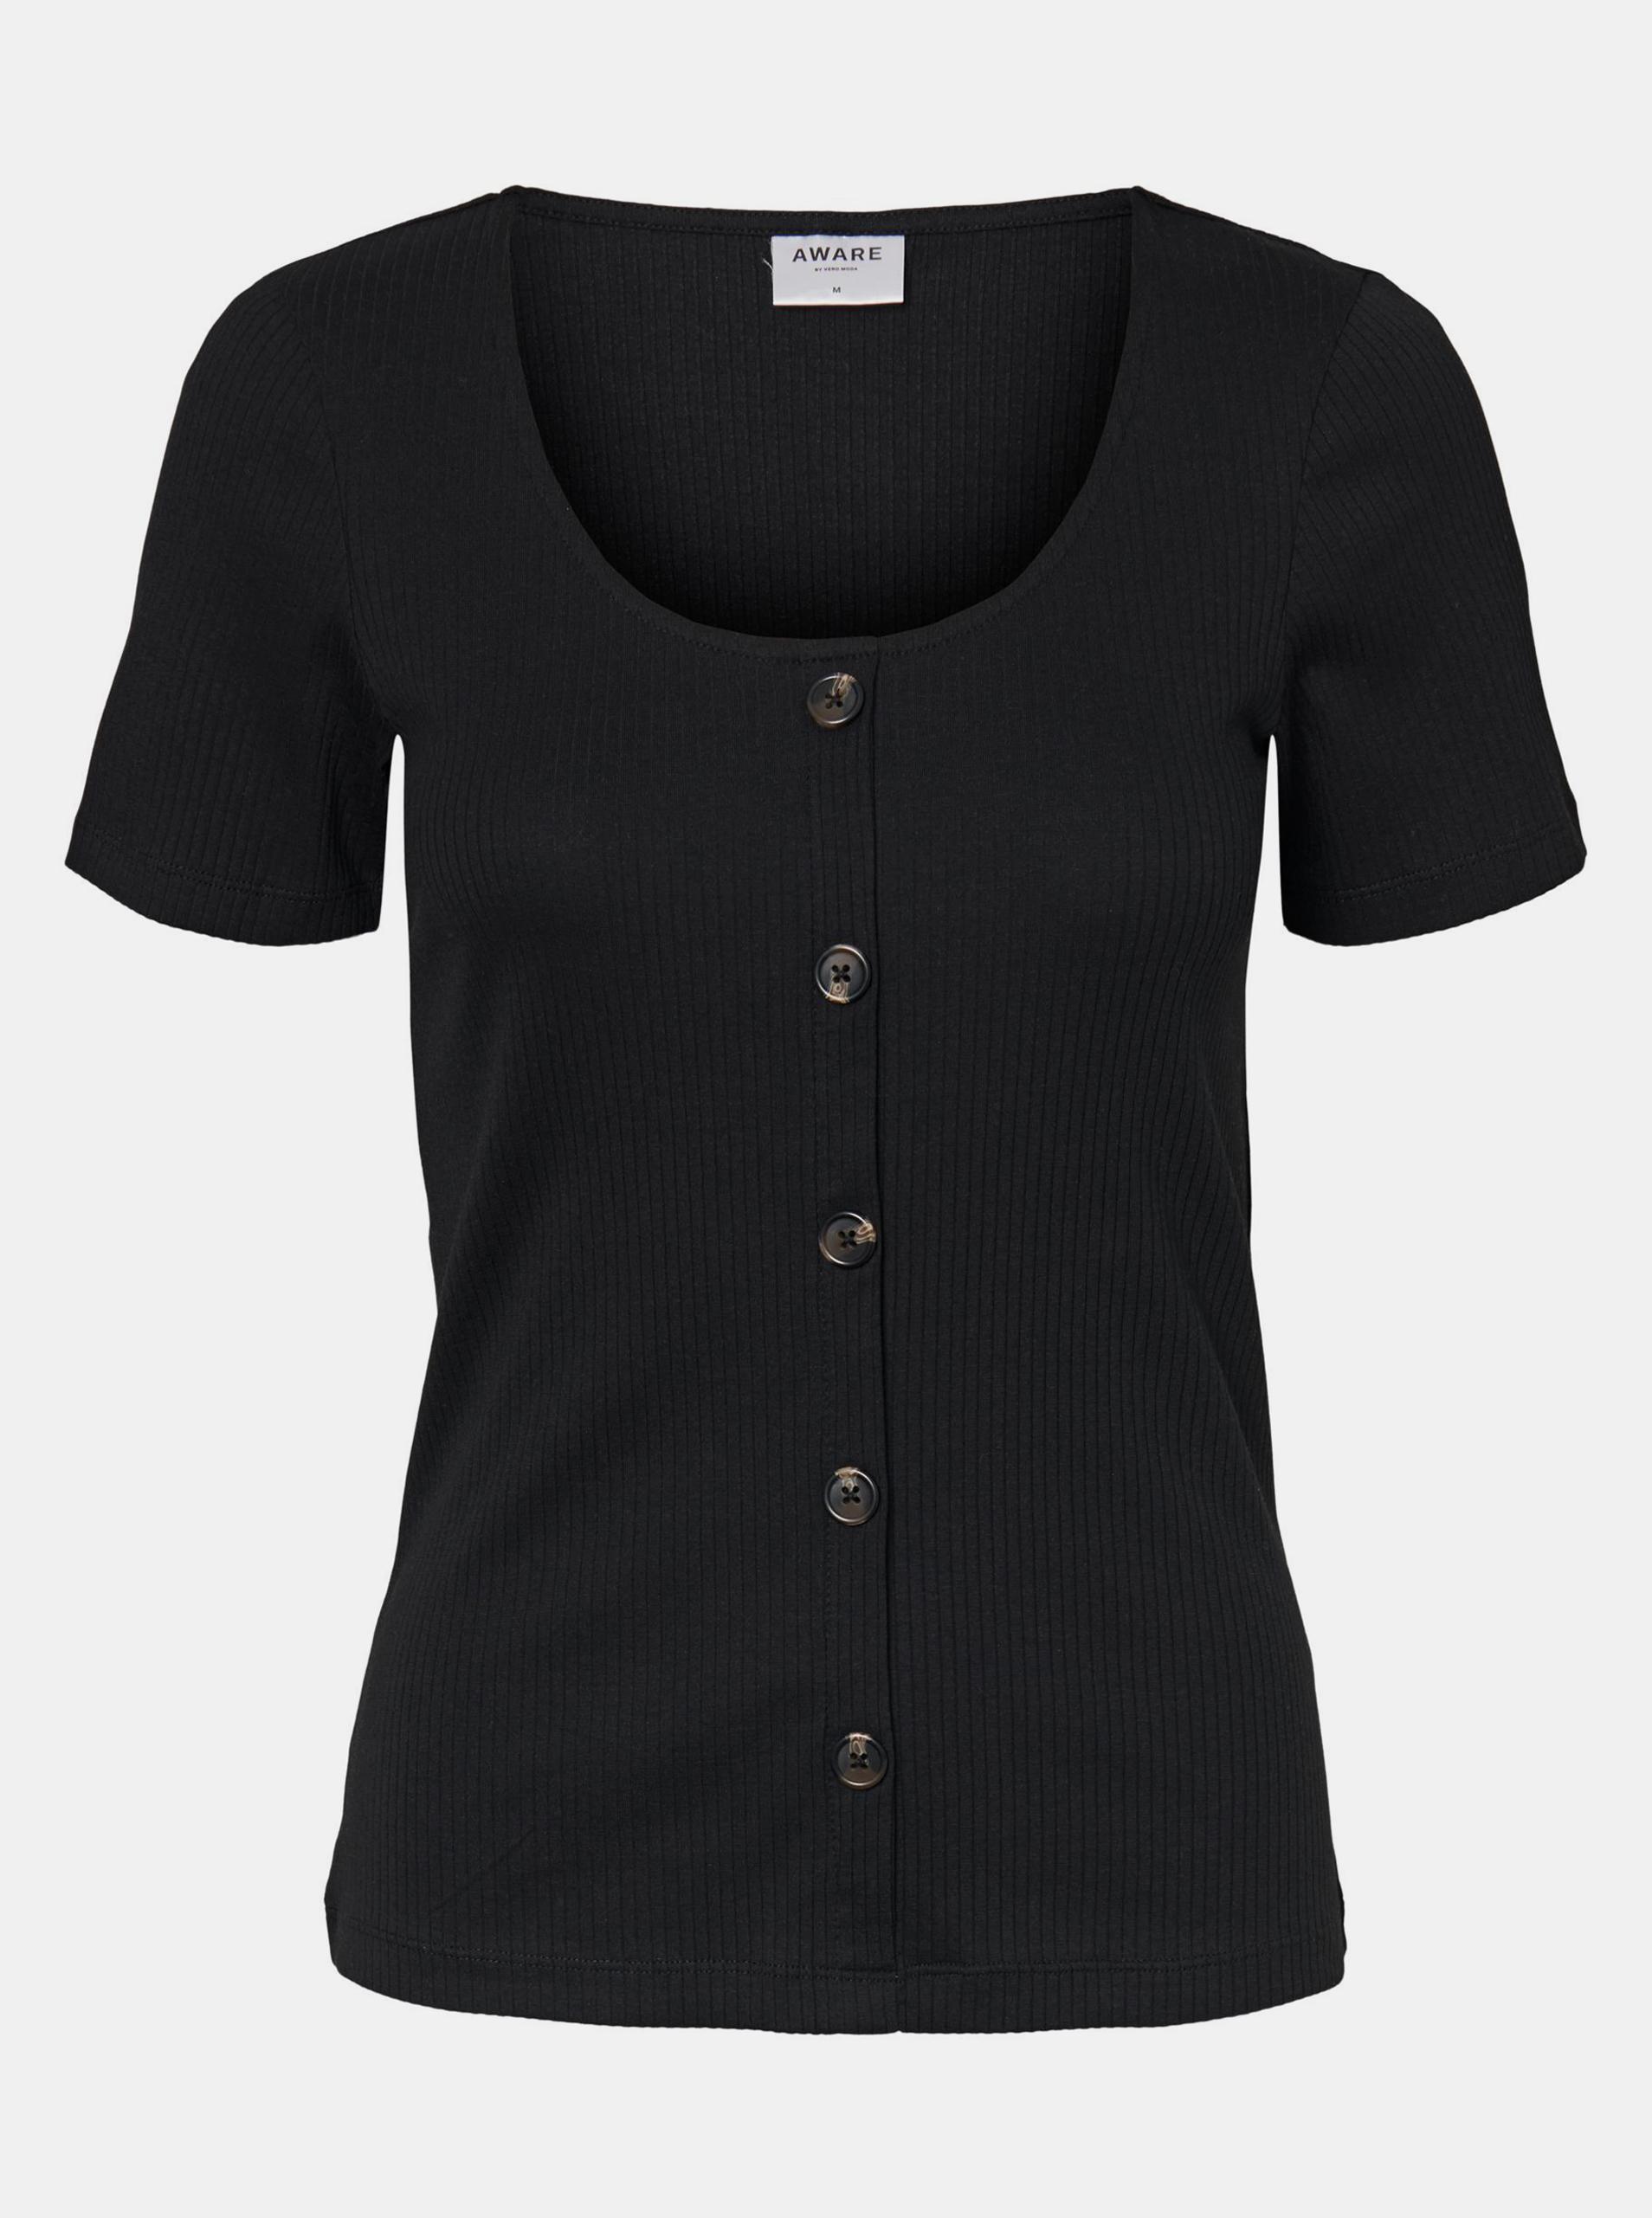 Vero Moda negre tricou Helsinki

....................

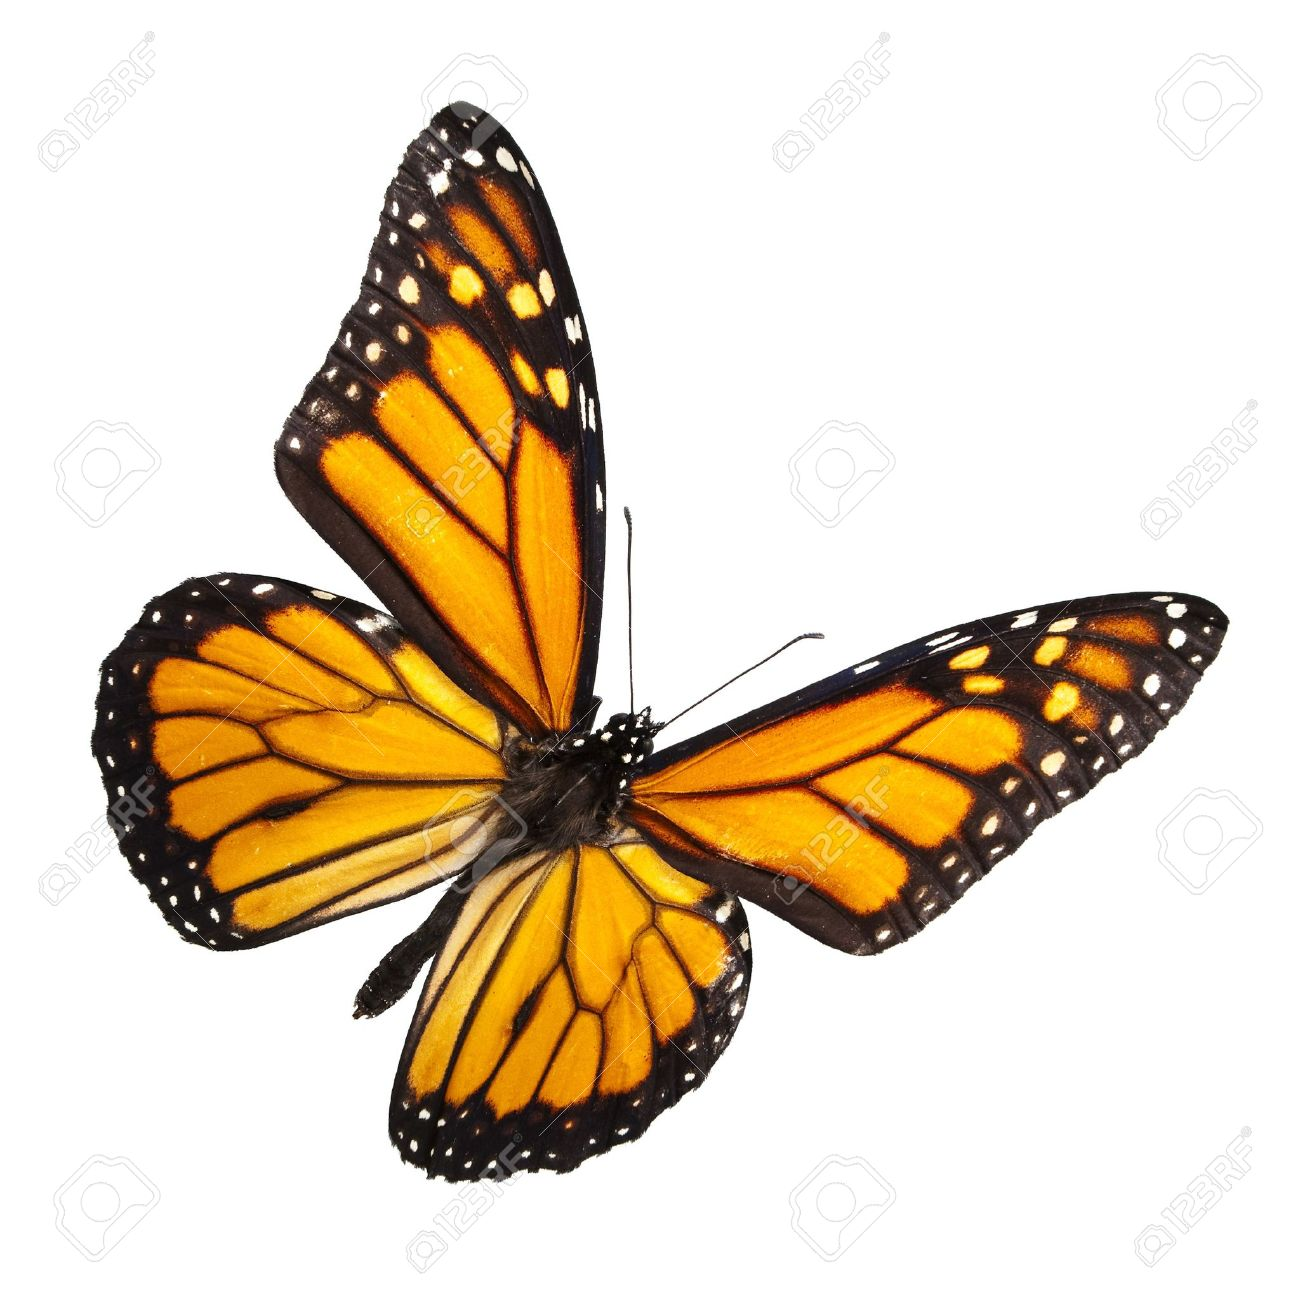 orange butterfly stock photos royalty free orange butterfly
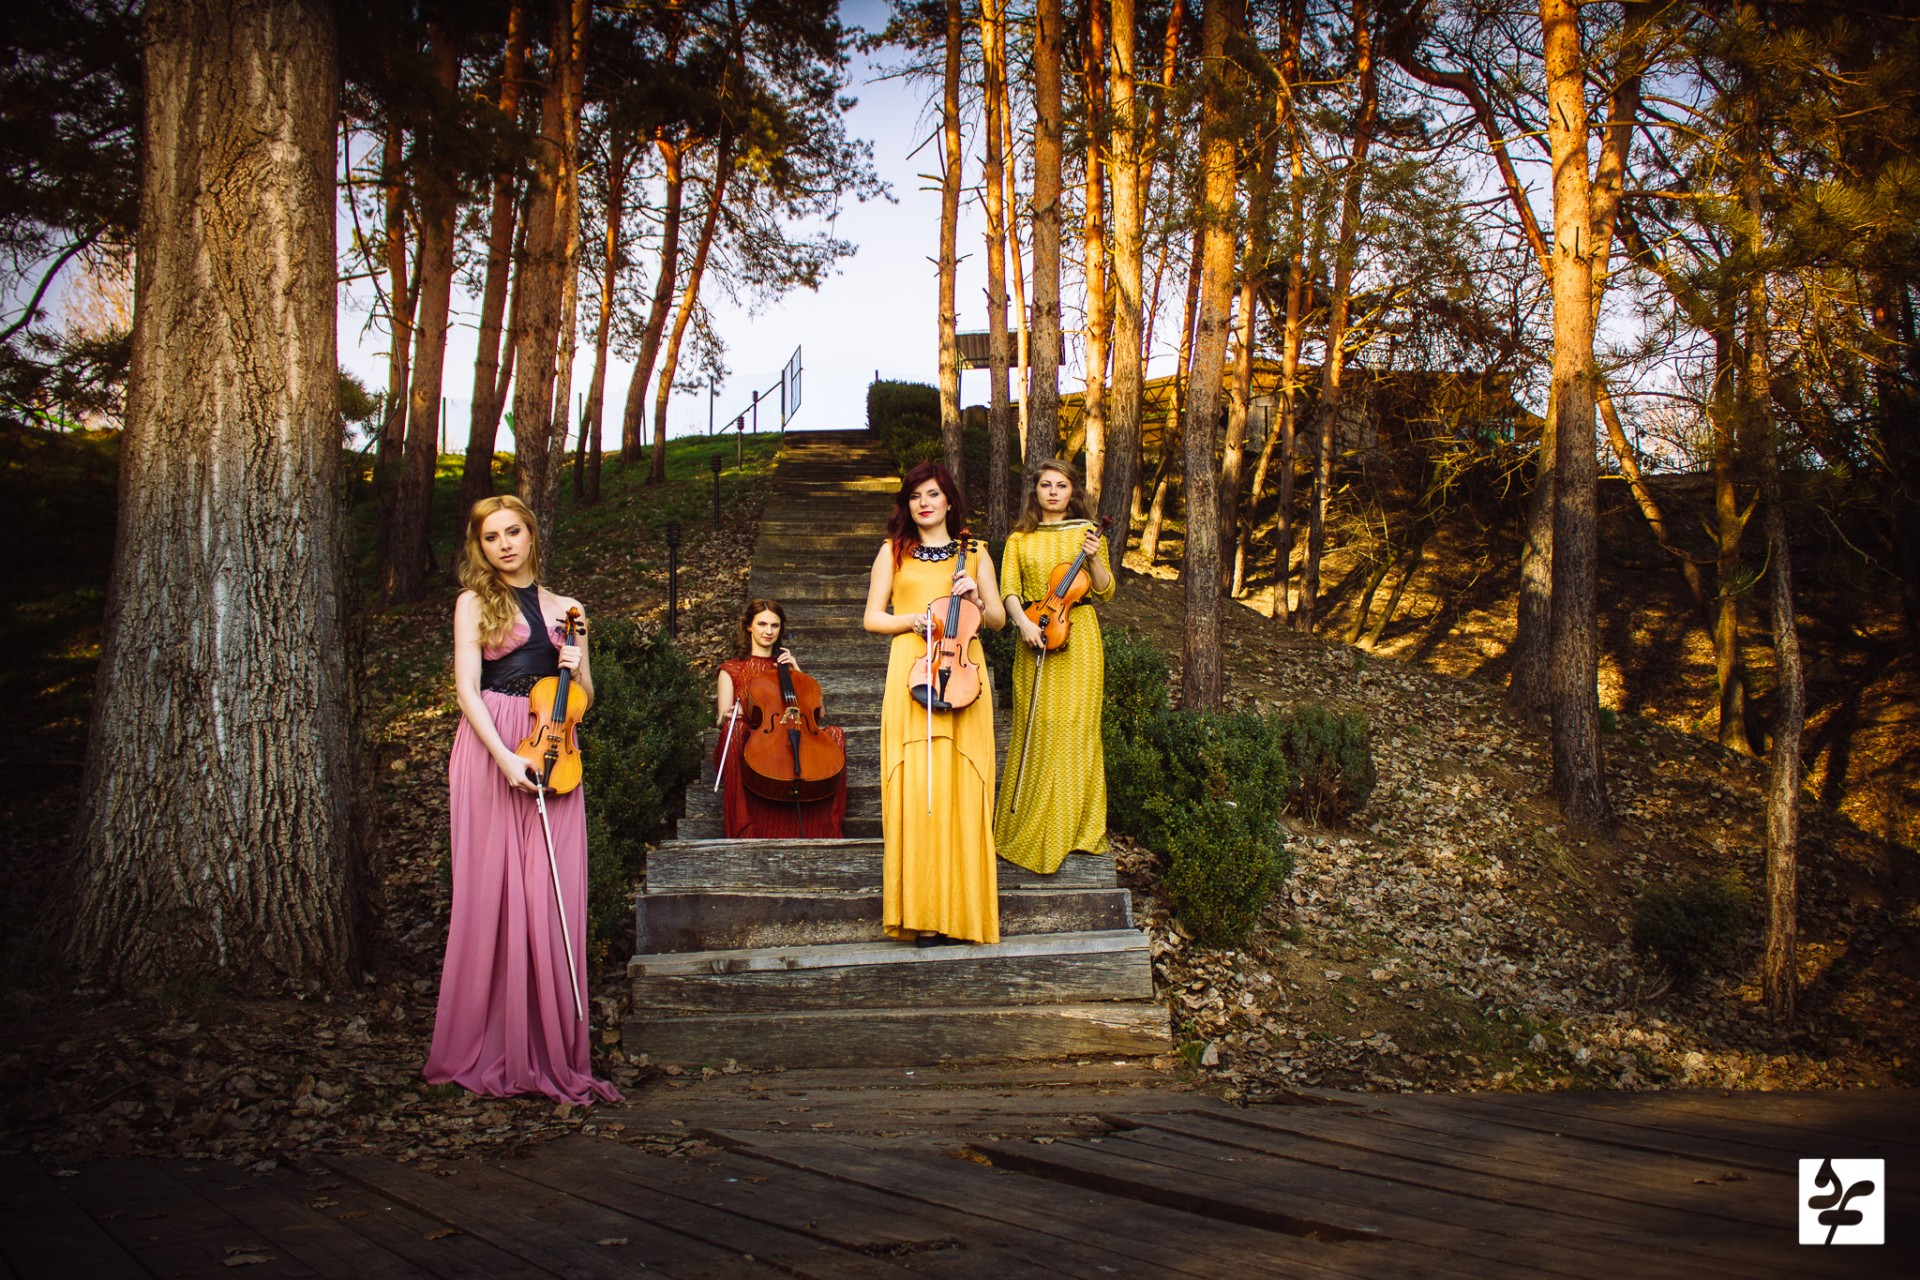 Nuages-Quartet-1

....................

§ **Task to carry out**:
Look above for the line with "orange butterfly stock" and the line with "Nuages-Quartet-1", then copy them and all lines in between exactly as written, and only those, without any pictures.

§ **Solution**:
 orange butterfly stock photos royalty free orange butterfly
 Nuages-Quartet-1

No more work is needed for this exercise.